- Nan Joyce in 1982
- Born: Ann O'Donoghue 1940 Clogheen, Ireland
- Died: 7 August 2018 (aged 77–78)
- Known for: Traveller rights activism
- Spouse: John Joyce
- Children: 11
- Parent(s): John O'Donoghue Nan McCann

= Nan Joyce =

Irish Travellers' rights activist (1940–2018)

Ann "Nan" Joyce (1940 – 7 August 2018) was an Irish Travellers' rights activist. She worked to improve the lives of Travellers in Ireland and Northern Ireland from 1981 until her death in 2018. She was the first Traveller candidate in an Irish general election, in 1982.

== Family life ==
Joyce was born Ann O'Donoghue in Clogheen, County Tipperary, in 1940. She was the second of nine children and her parents were John O'Donoghue, a horse trainer, and Nan McCann. Her father was an avid reader who taught his children the history of landmarks and castles they saw on their travels. He read medical works which enabled him to treat many of the illnesses of his children. He spoke Cant, and could read and write in Irish and English. His wife was illiterate.

Joyce's father died in a police cell when she was twelve, and her mother was sent to prison for theft committed to support her family. Joyce took over the role of mother and roamed the country with her siblings. Some years later, she married a Traveller, John Joyce, and they had eleven children.

She endured many hardships including prejudice and intolerance, as well as living by roadsides with no facilities, exposed to severe weather, leading to illness and despair. The conditions led two of her daughters to have nervous breakdowns and they were committed to hospitals. Another daughter contracted severe lead poisoning when batteries were dumped at their camp, and she entered long-term care. People dumped their rubbish at Joyce's camp during the 1982 bin-collector's strike, which attracted rats, leading to the death of her one-year-old granddaughter, who caught meningitis from them.

She lived for a time in Clondalkin before moving to Tallaght where she began her public life, and later lived in Belfast, where she continued to work for Travellers' rights and well-being.

== Public activism ==

=== Entry into public life ===
Joyce's family from her marriage were living at a halting site in Clondalkin when they were forced out in 1981 by Dublin County Council bulldozers. They moved to Tallaght where Joyce enrolled her children at school. While the family was settling into their new surroundings, the county council tried to open the new Tallaght By-pass, where over a hundred Traveller families lived, without fulfilling their legal obligation to offer them an alternative site. (Note: A Traveller, Roselle McDonald, won a court ruling in 1980 that Travellers could not be evicted from local authority property without being offered a suitable alternative, although the authorities side-stepped the ruling by harassment such as dumping rubbish and manure beside Traveller homes, causing them to move away.) Some angry locals from the settled community threatened the Joyces and other Traveller families, giving them an ultimatum to quit the area.

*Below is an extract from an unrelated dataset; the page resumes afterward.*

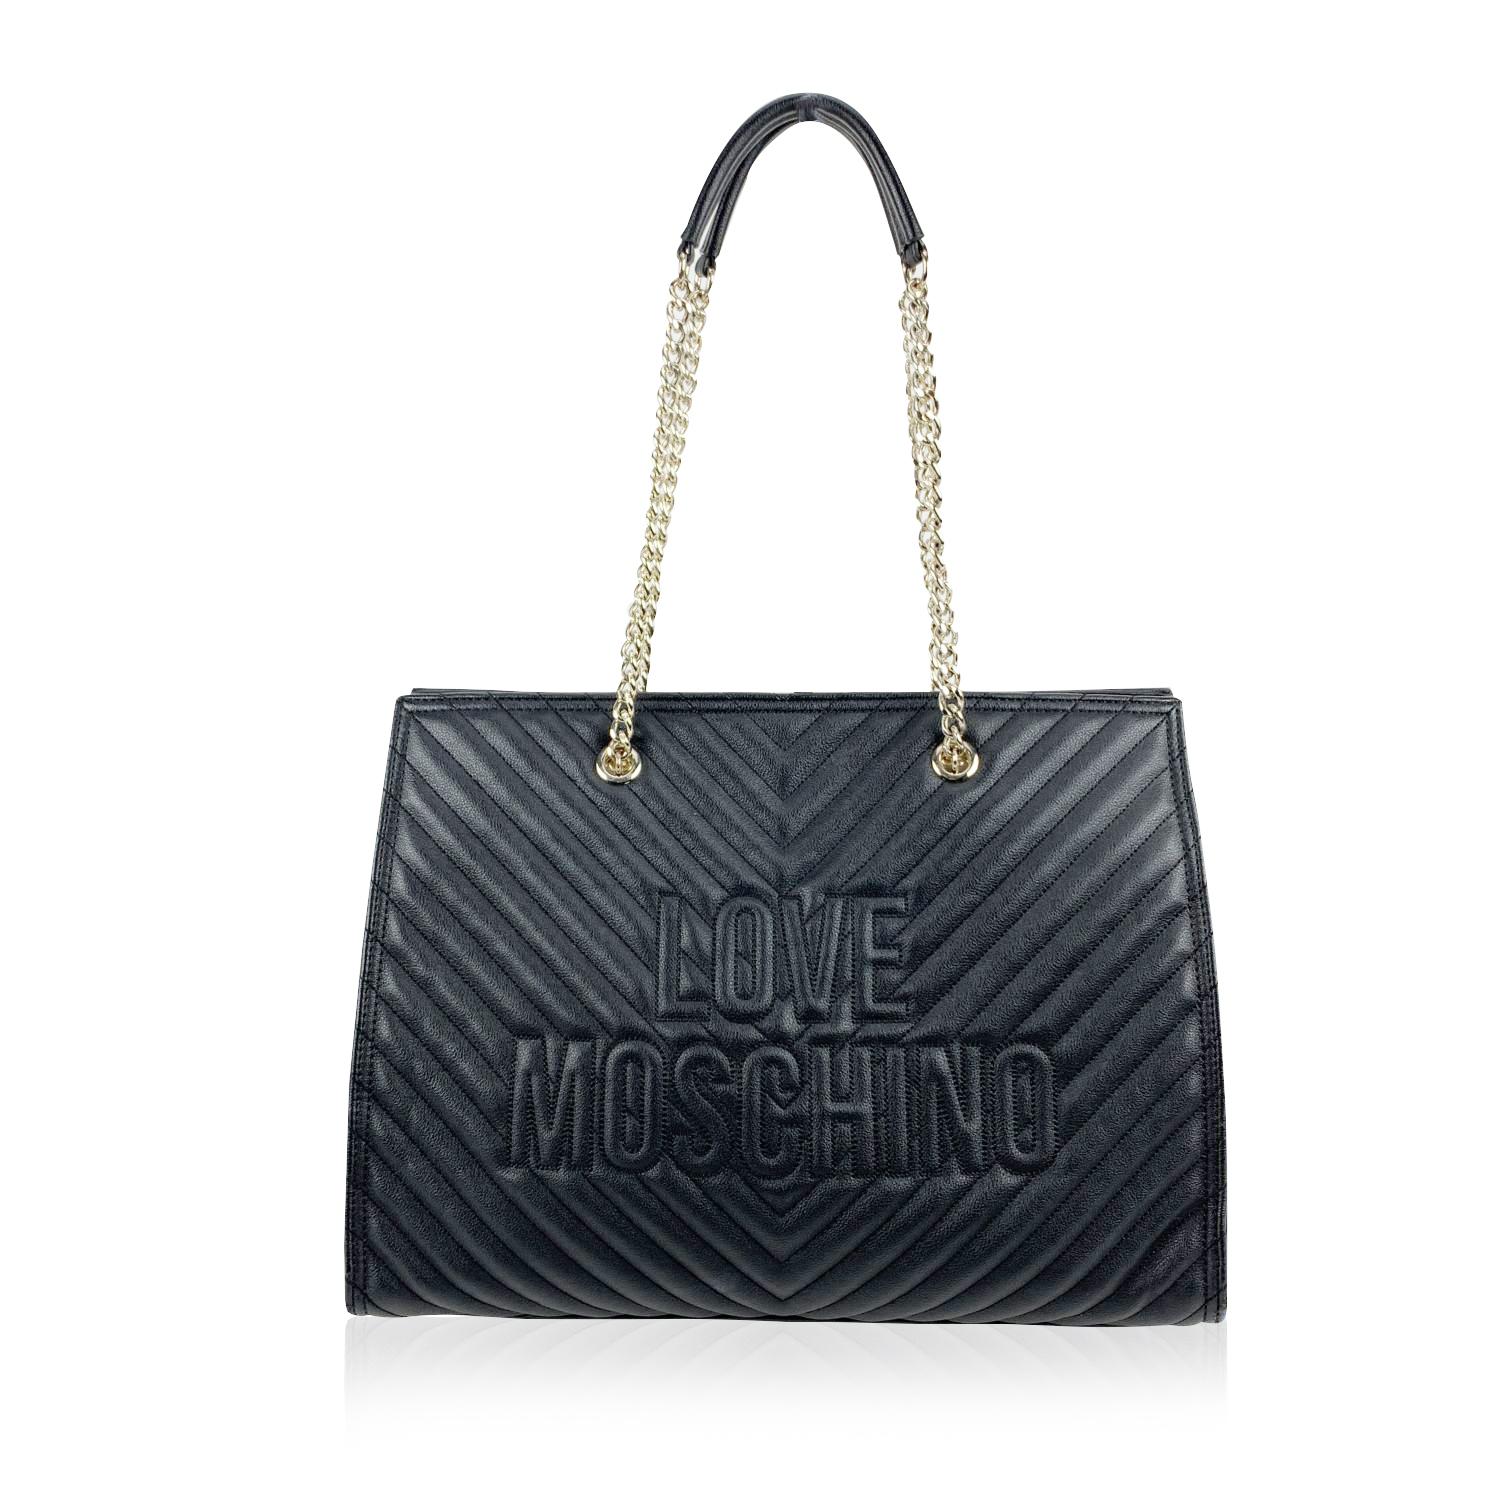 Love Moschino black leather-look canvas tote bag with chevron quilting. It features double chain and leather strap, 'Love Moschino' logo on the front and magnetic button closure on top. Red satin lining. 1 middle zip section and 2 side pockets.

When they refused to move, hostile locals, with the support of some community politicians, organized a vigilante mob to patrol all open space in the area, and they visited the Traveller camp to intimidate them by wielding hurleys and shouting "Out! Out! Out!", which terrified elderly Travellers and children. Some of the settled Tallaght locals came to the Travellers' defence and stood with them. Broadcaster Gay Byrne also supported them and transmitted his radio programme from the halting site. This gave Joyce her first opportunity to speak publicly on behalf of her community about the injustices they endured.

She read the local papers regularly and was disturbed by how they misrepresented the Traveller community: "I wouldn't wonder for the settled people to be against us because they were hearing nothing but bad about us," she said. She wrote a Travellers' manifesto describing their needs and delivered it to all the local newspaper offices. She was part of a group of Travellers and settled people who created the Travellers' Rights Committee and held meetings at her home to involve other Travellers. She gave talks around the country to schools, colleges, and convents to educate people about Traveller history and heritage. She and the Travellers' Rights Committee led marches and pickets, and some of these agitations were conducted outside the Dáil. The first Travellers' rights organisation, called Mincéir Misli, evolved from the Travellers' Rights Committee in 1983, and Joyce continued her work with them.

=== Election campaign ===
Joyce was selected by the committee to run as a candidate in the general election of November 1982, in Dublin South-West, becoming the first Traveller to compete for a Dáil seat. She made a documentary for the BBC during her election campaign to improve her support. She petitioned people for votes in the streets of Dublin, wearing a hidden microphone and while being secretly filmed. She received many good wishes but also met people who told her that Travellers were "dirt" and "filth" and "should be burned". Another constituency candidate, Richard O'Reilly, ran to oppose her on an anti-Traveller platform using the slur, "Get the knackers out of Tallaght" as his campaign slogan. Joyce was not elected but she attracted twice as many votes as O'Reilly. (Note: November 1982 general election results: Nan Joyce: 581 first preference votes; Richard O'Reilly: 297 votes.)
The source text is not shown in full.